The time we spend chasing each type of curiosity is important. If we want to create, reading must have it’s limits, and sometimes pretty harsh limits, else we’ll be infected with others ideas about everything. Some choice quotes on this:
"When we read, another person thinks for us: we merely repeat his mental process..." "This is the case with many learned persons: they have read themselves stupid." - Arthur Schopenhauer
"Reading, after a certain age, diverts the mind too much from its creative pursuits. Any man who reads too much and uses his own brain too little falls into lazy habits of thinking" - Albert Einstein
"If you read all the time what other people have done you will think the way they thought. If you want to think new thoughts that are different, then do what a lot of creative people do - get the problem reasonably clear and then refuse to look at any answers until you've thought the problem through carefully how you would do it, how you could slightly change the problem to be the correct one. You need to keep up more to find out what the problems are than to read to find the solutions. The reading is necessary to know what is going on and what is possible. But reading to get the solutions does not seem to be the way to do great research. So I'll give you two answers. You read; but it is not the amount, it is the way you read that counts." - Dick Hamming
EDIT: On the other hand, if you first principles all your thinking and just write write write, you may spend hours on something that could be understood and moved on from in seconds. This meme explains the reading/writing spectrum quite well: https://www.reddit.com/r/memes/comments/vwq8yh/this_true/
woolion
Good list of quotes! I would add one by Nietzsche:
“Ultimately no one can hear in things―books included―more than he already knows.”
Reading can help you formalize, or put established concepts upon what you have already understood, even if only unconsciously.
I remember the gist of a quote about the need to read as much as possible in a young age to inform a Weltanschauung (world view) from which in adulthood you're supposed to build on, but can't remember any source.
Kaibeezy
Wild guess… Schopenhauer, Einstein, et al, were referring to their peers and associates, many sigmas out on the curve. I’m imagining a sensor of the larger sample reaching the “reading limit”; it would make a neutrino detector look like fireworks at a disco.
npunt
The quotes are for the most part about ideas and creativity being stifled by reading, and this can happen to anyone - it's related to the curse of knowledge and the preservation of the beginner's mind.
Reading others' ideas, especially polished ones with a lot of authority behind them, can act as a filter on one's own (delicate, barely formed) ideas.

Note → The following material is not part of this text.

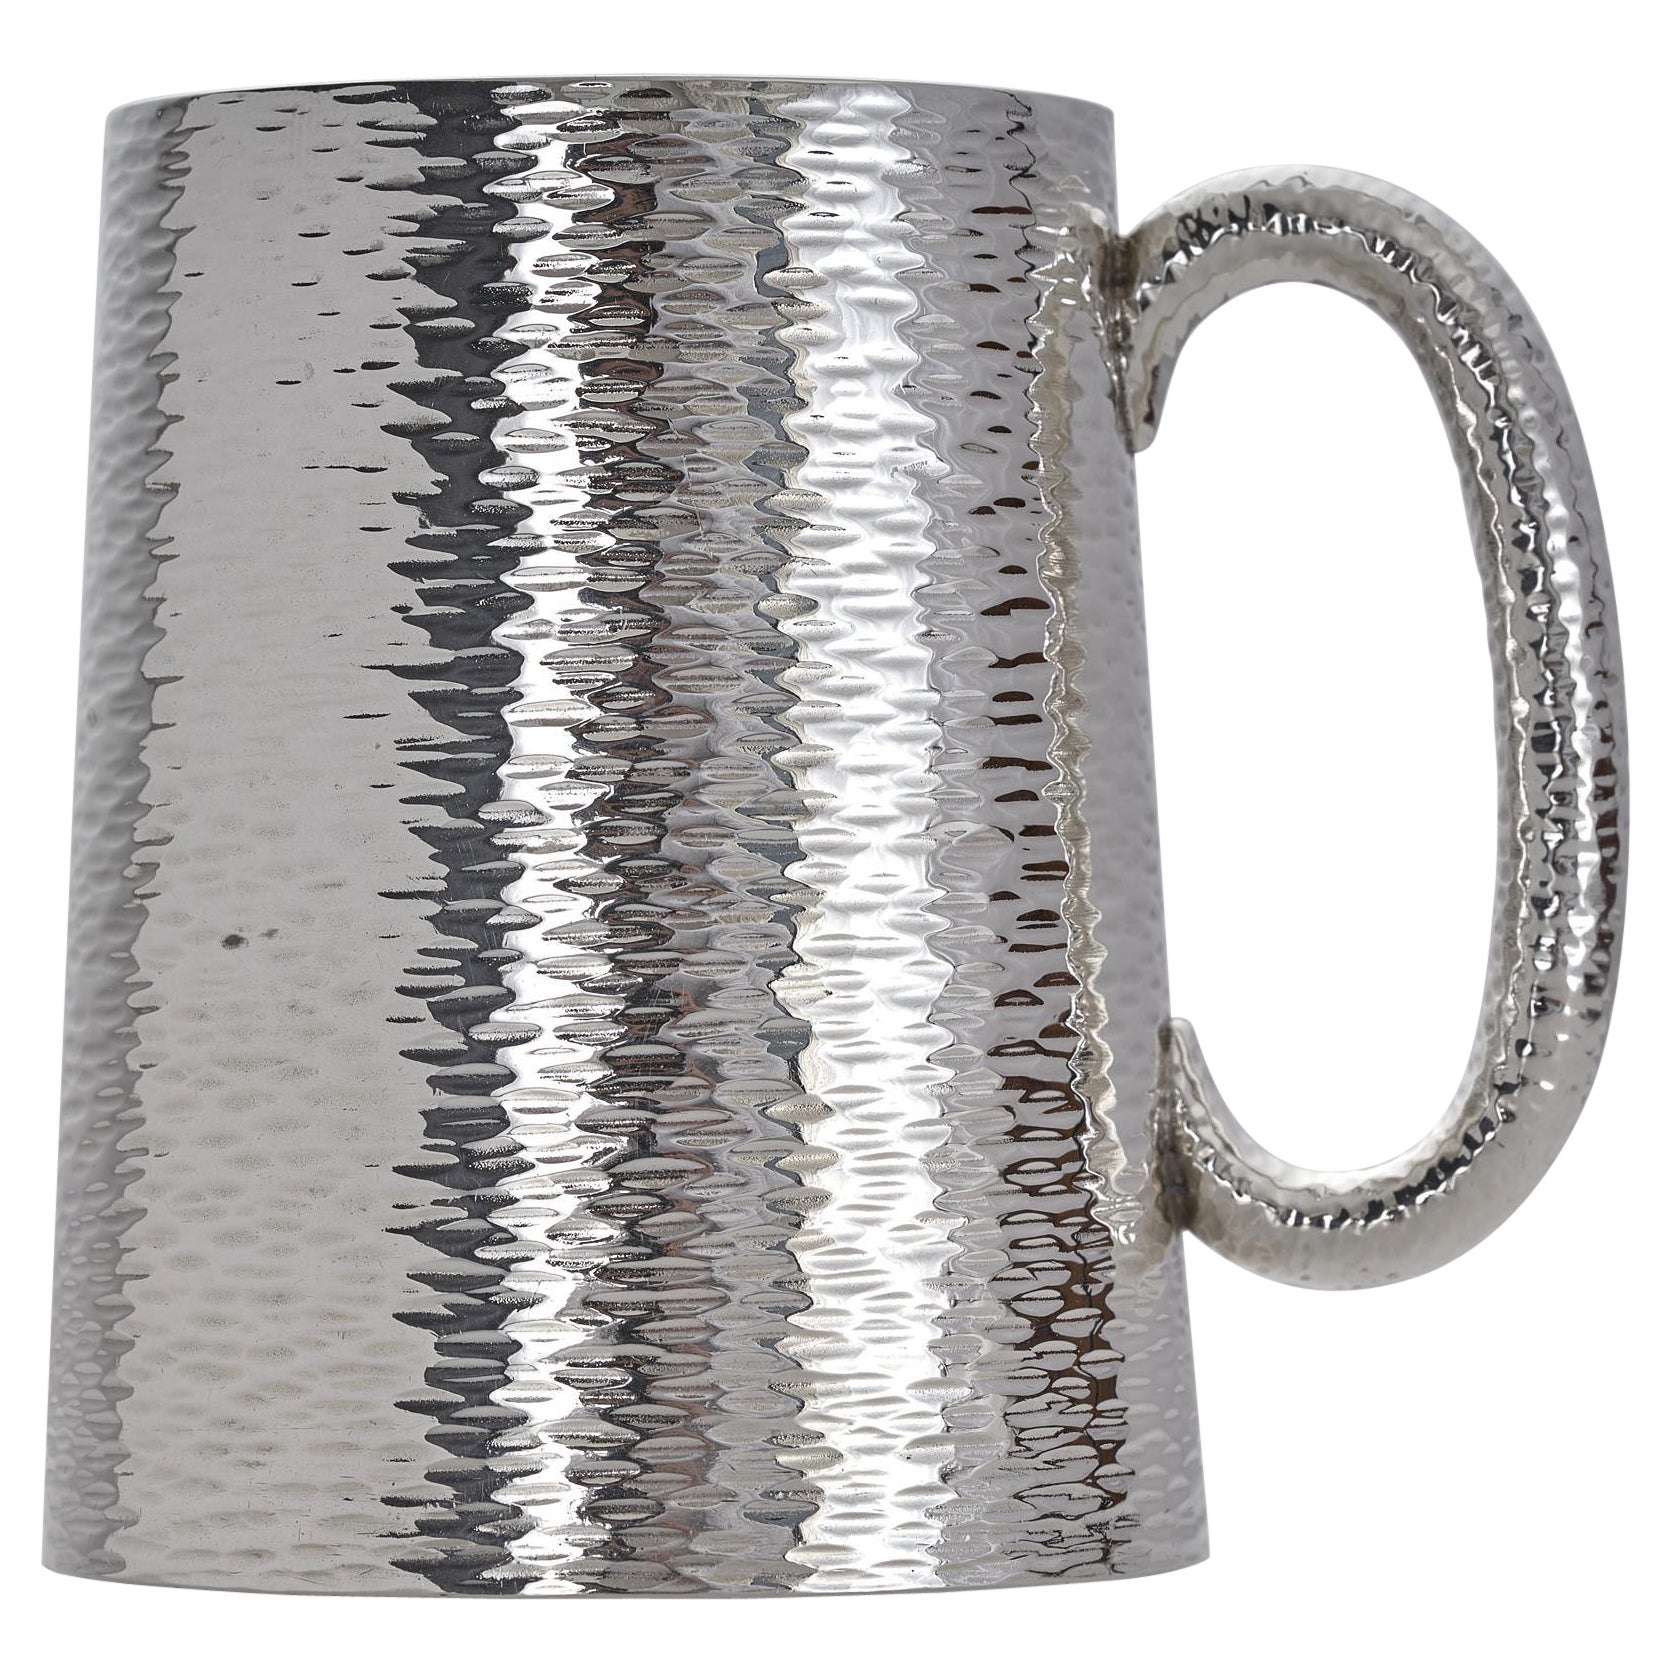 Hand-hammered Victorian silver child's mug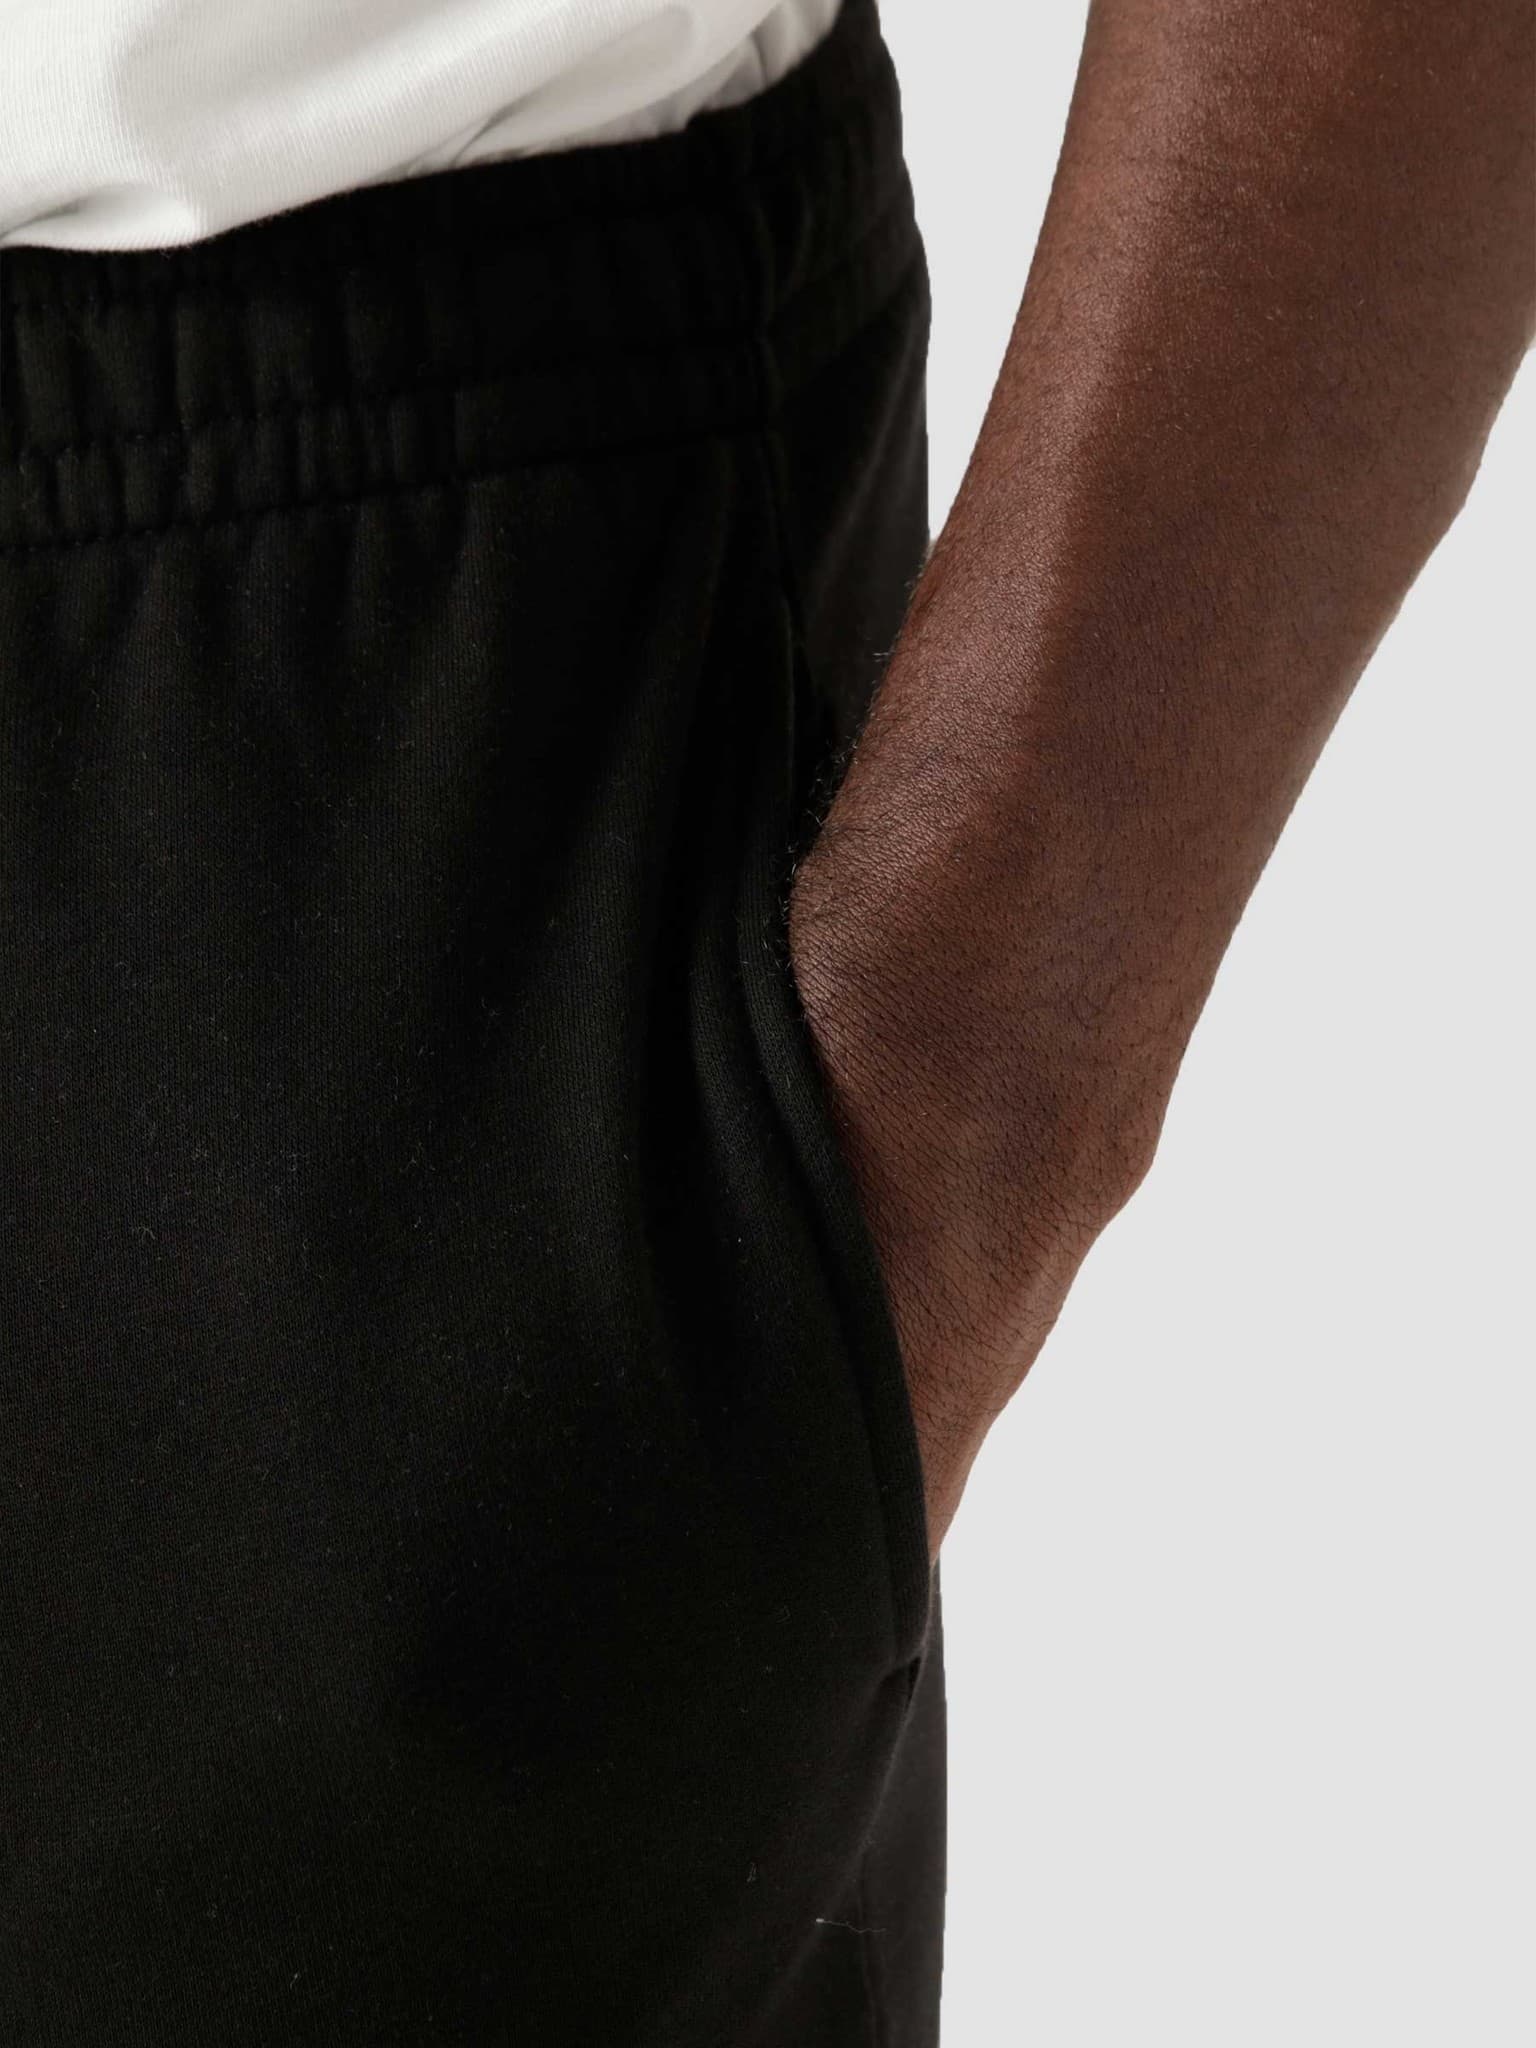 1HW2 Men's Tracksuit Trousers Black XH9507-11

Ideas already have a difficult path into reality, and others' biases and filters are one major contributor.
I regularly choose not to read on a given subject if I have an idea I want to explore or to clarify my own thinking, and only afterwards do I consult what others have said. Usually I wind up in the same place (or a crude version of that) but sometimes I find a new insight and those are worth it!
Kaibeezy
It can happen to anyone, but does happen to you. Thank your lucky sigmas.
achow
> ..most of us after all are in the business of creating things.. If we want to create, reading must have it’s limits, and sometimes pretty harsh limits, lest we be infected with others ideas about everything.
The point perhaps is what PG is saying "A good writer will almost always discover new things in the process of writing."
Writing is creating and the process of creation is about discovery. When one is sculpting a clay, one is discovering materials and its properties, one is discovering ones emotions, and infact one could be discovering or understanding oneself (this ignoring the pre creation phase where one is discovering and studying art movements, various sculptors, their ideas and techniques...).
Any creation process roughly follows same patterns unless you are a facsimile creator.
dj_mc_merlin
Excuse me if this is rude but there is an irony to using others' words to argue one should think for themselves more.
npunt
Hah on the surface I suppose. But I’m not arguing whether people should think for themselves, I’m arguing that it matters when people should think for themselves. If you’re more curious about others ideas on a given topic than your own ideas, then you should absolutely read!
woolion
It's a variant on the 'doubt paradox' (somebody telling you "you should not believe everything people tell you") itself a variant of the Epimenides paradox (simply known as the liar paradox): a bunch of people who have read more than you tell you to be careful about not reading too much.
unsafecast
I think this is more about credibility - GP made a pretty good argument without the quotes. But the fact that Albert Einstein supposedly agrees puts a lot more weight onto it.
philwelch
To your counterpoint, I always liked this quote:
“I’m one of the few people you’ll meet who’s written more books than they’ve read.” —Garth Merenghi
amadeuspagel
And when Schopenhauer wrote this, it was much harder to find stuff to read, so his advice is all the more important today.
exhaze
Folks here mentioned that the core point is not about the need to the importance of reading, but the importance of writing. No, it’s really about becoming better at deep, structured thinking. I think that’s quite a good thing to focus on.
The world we live in is becoming more complex. I think it’s because our communication pipelines now have unlimited IO - there’s too much to consume, too much to process, too many thoughts we feel the need to express in response to all these inputs. All of this at the unforgivably quick eventual constituency cross-region replication guarantees afforded to us by Google, Facebook, Apple, Twitter, and many others.
I write more these days.
I don’t share most of what I write.
I write for myself, because I think that writing my thoughts helps to refine these thoughts, retain them for future me, and, on occasion, share them with another person, thru conversion, or by just copy pasting something I wrote.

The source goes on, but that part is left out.